We’re counting down to 2020 by sharing 12 days of emerging workplace trends! Learn what trends our top global contributors are most excited to see evolve in the new year. 

Trend 8 of 12: Domino Risch believes focusing on people will we create better, more human spaces that allow people to thrive.

human spaces
Nicole England

In the late 90’s in Australia, there was a revolution in workplace thinking.  We didn’t know it at the time but this revolution set us on the path that has led to today’s agile, or activity-based environments because of the conviction at the leadership level in corporate organisations that space (well designed space!) could fundamentally effect people, and therefore, performance, and therefore, profitability.  The classic Venn diagram of People, Process, Place was rolled out in boardrooms across Sydney and Melbourne.

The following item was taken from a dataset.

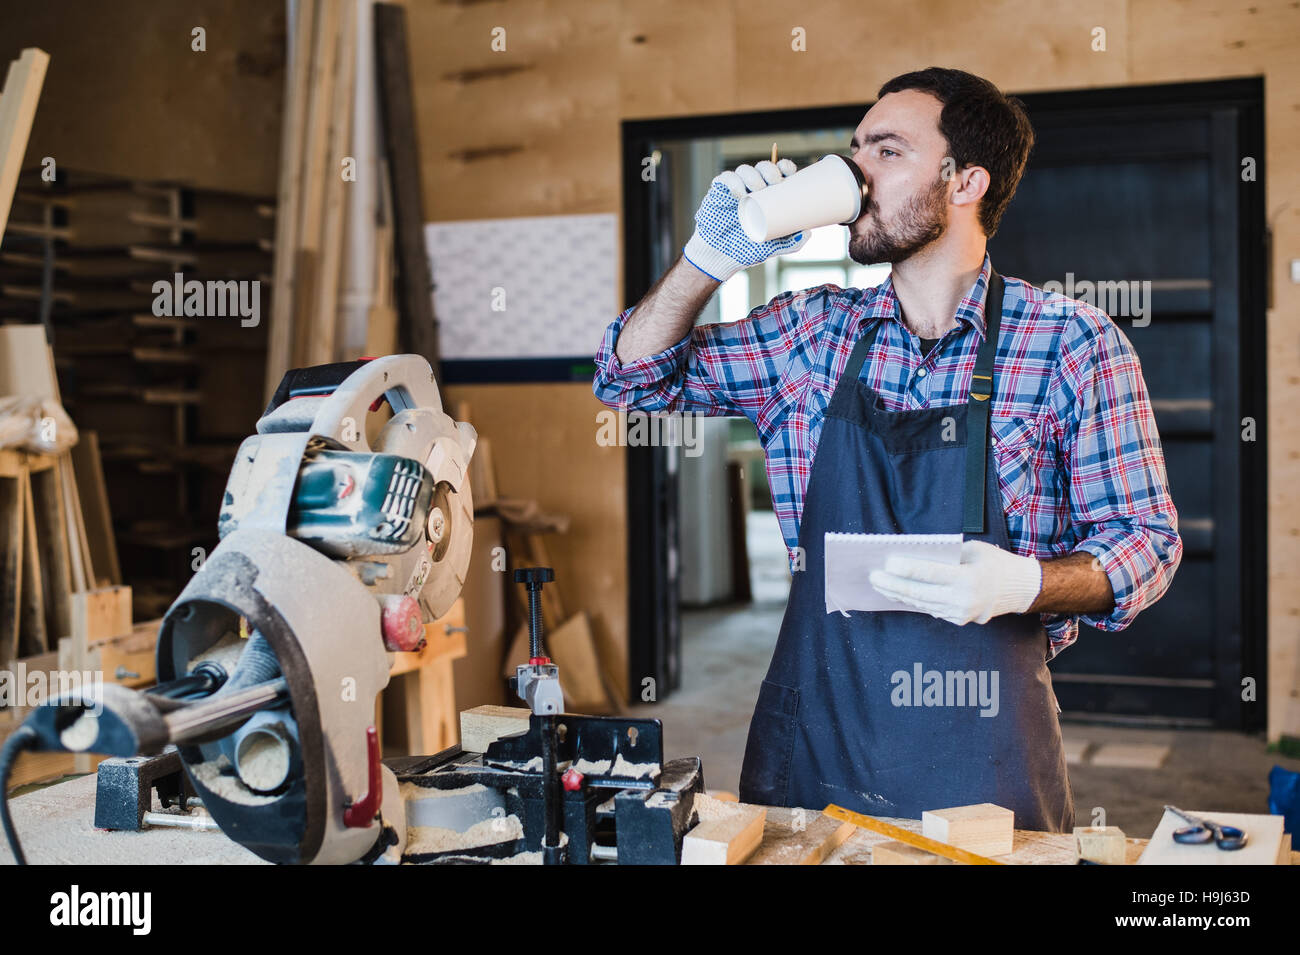 Carpenter en prenant une pause-café holding notebook en face de scie circulaire dans son atelier Banque D'Images

Since then, an entire workplace eco-system has grown around how we can better design spaces to meet the vision, aspiration and purpose of an organisation, and many of the tools that we use to formulate those design responses have been based on simplistic reductions and stereotypes of ‘workstyles’ (knowledge workers, process workers, mobile workers etc) or ‘personas’ (Laura rides her Vespa to work every day and needs a locker for her helmet before she gets her chai latte etc.).

In 2012 Susan Cain wrote the book ‘Quiet’ which invited us think more deeply about one of the fundamental dimensions of personality – the introvert and the extrovert.  This created an awareness for many workplace designers that an approach of ‘one size fits all’ doesn’t really work when it comes down to actual, real, individual people who never really fit into a category, workstyle or persona.

So as we move into 2020, two decades since setting off on this path, I’m absolutely convinced that we are on the cusp of another revolution in workplace thinking, one that flips the conversation from being about simply creating spaces, even if they are beautiful, aspirational and highly functional spaces, to one that focuses first and foremost on people – and on being human.

Because I passionately believe that by focusing on people, on curating incredible experiences, on elevating wellbeing, on embracing diversity in all it’s forms, on being attuned to the sensory impact of the spaces we create, on nurturing emotional connections, then, and only then, will we create better places, that are human spaces, that allow people to thrive, and that are places that people love.